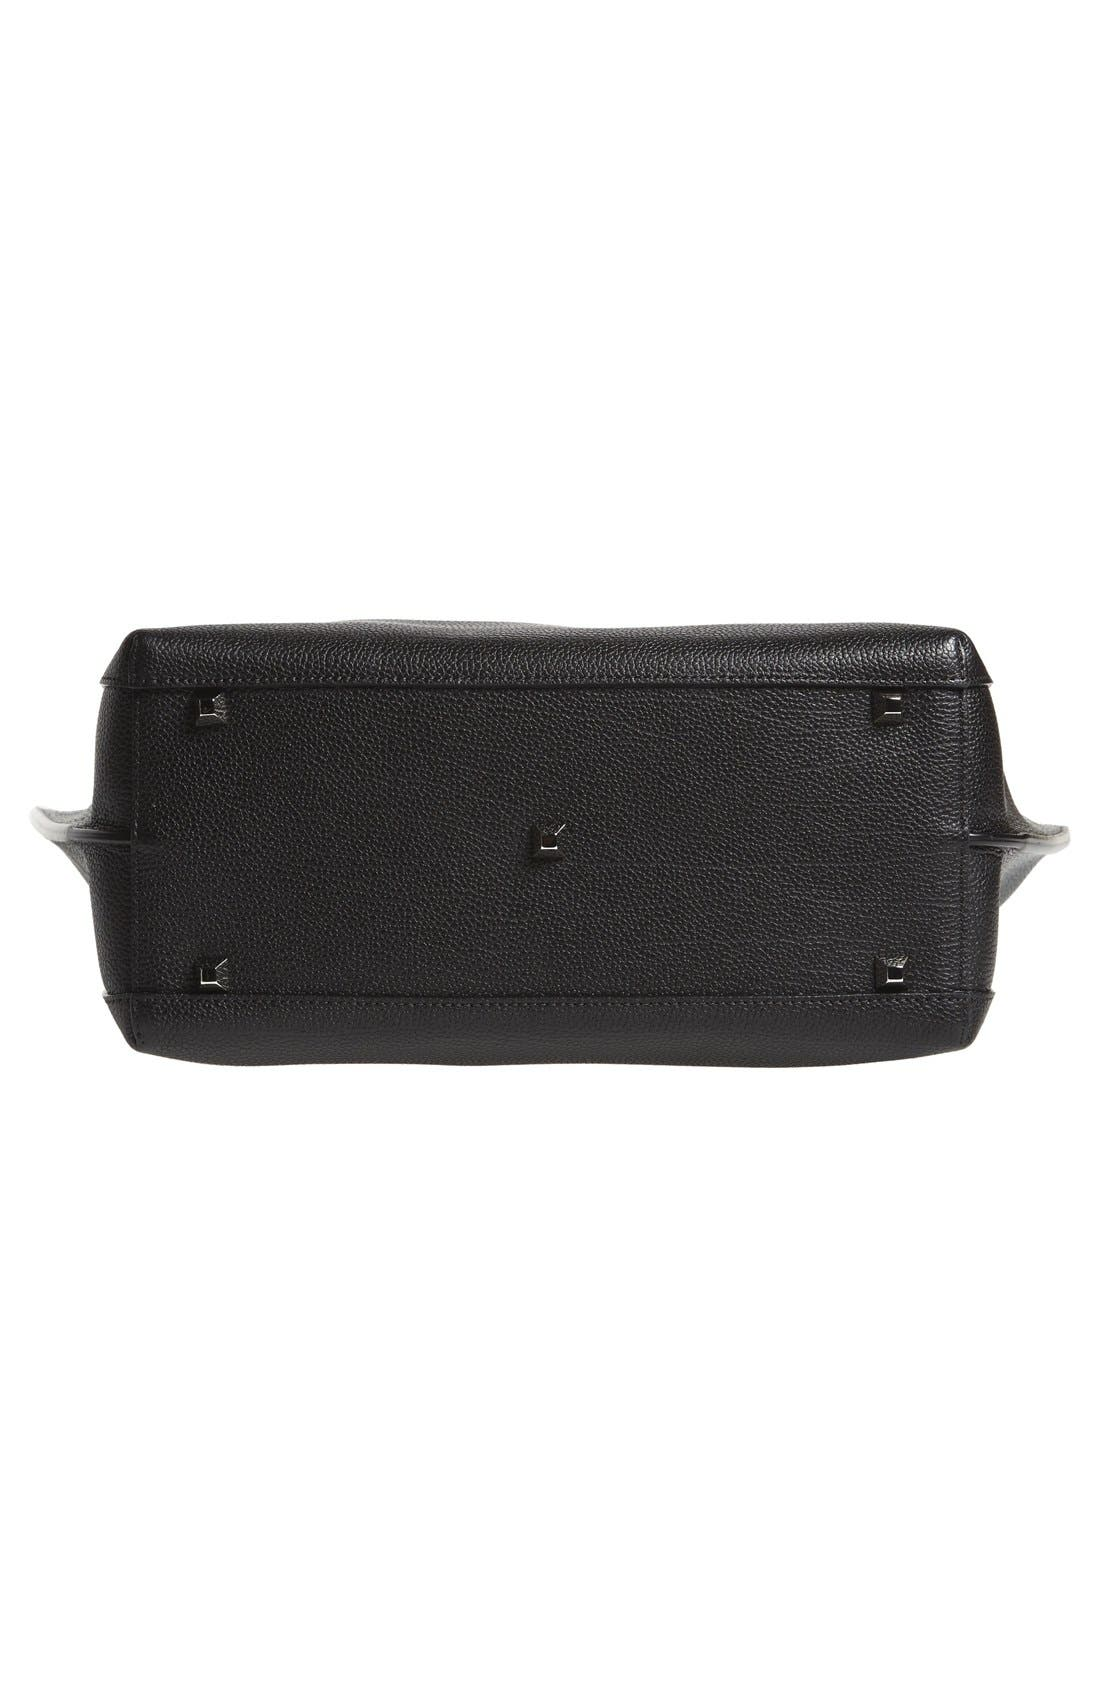 'Medium Sophie' Leather Shopper,                             Alternate thumbnail 6, color,                             Black
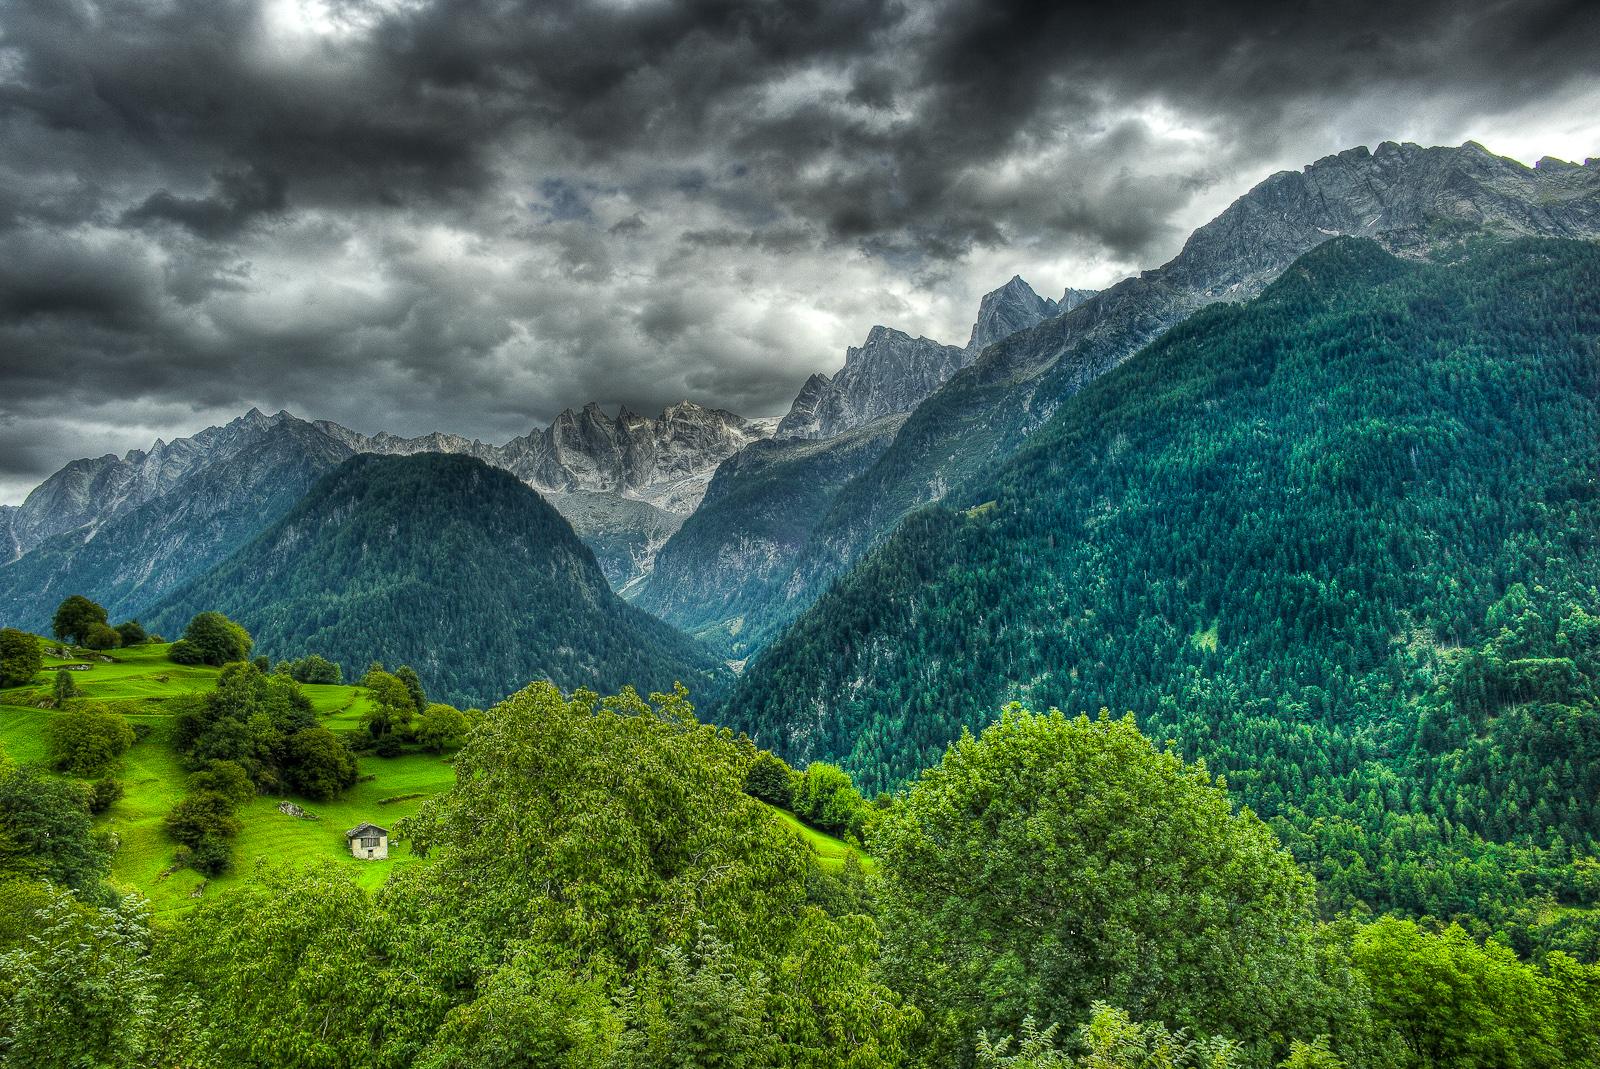 View of the Alps from Soglio, Switzerland
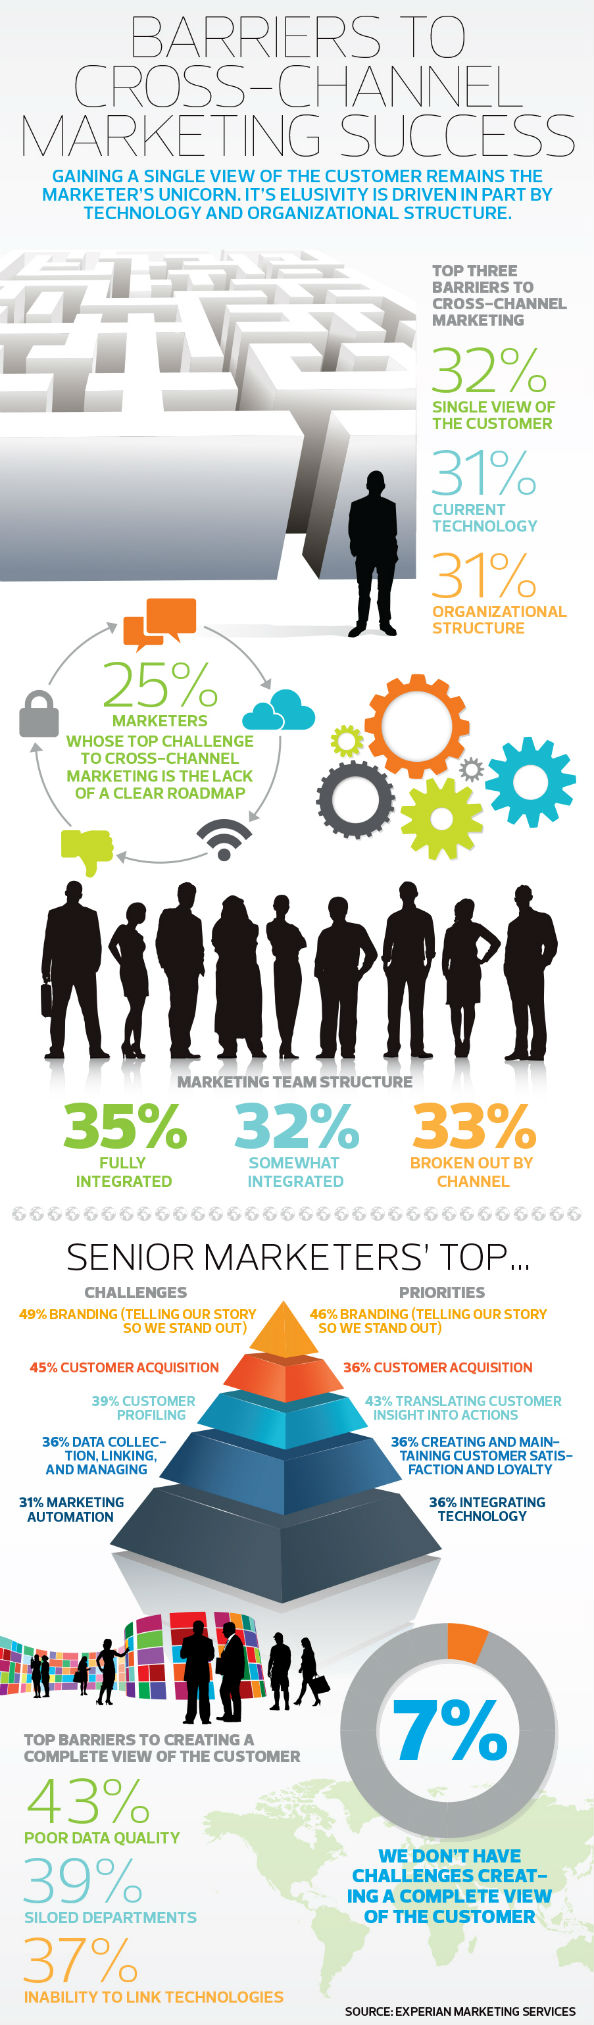 Digital Marketing News 36

● ● ● ● ● ● ●

Print the listing exactly, minus any pictures.

 'Medium Sophie' Leather Shopper,                             Alternate thumbnail 6, color,                             Black
 View of the Alps from Soglio, Switzerland
 Digital Marketing News 36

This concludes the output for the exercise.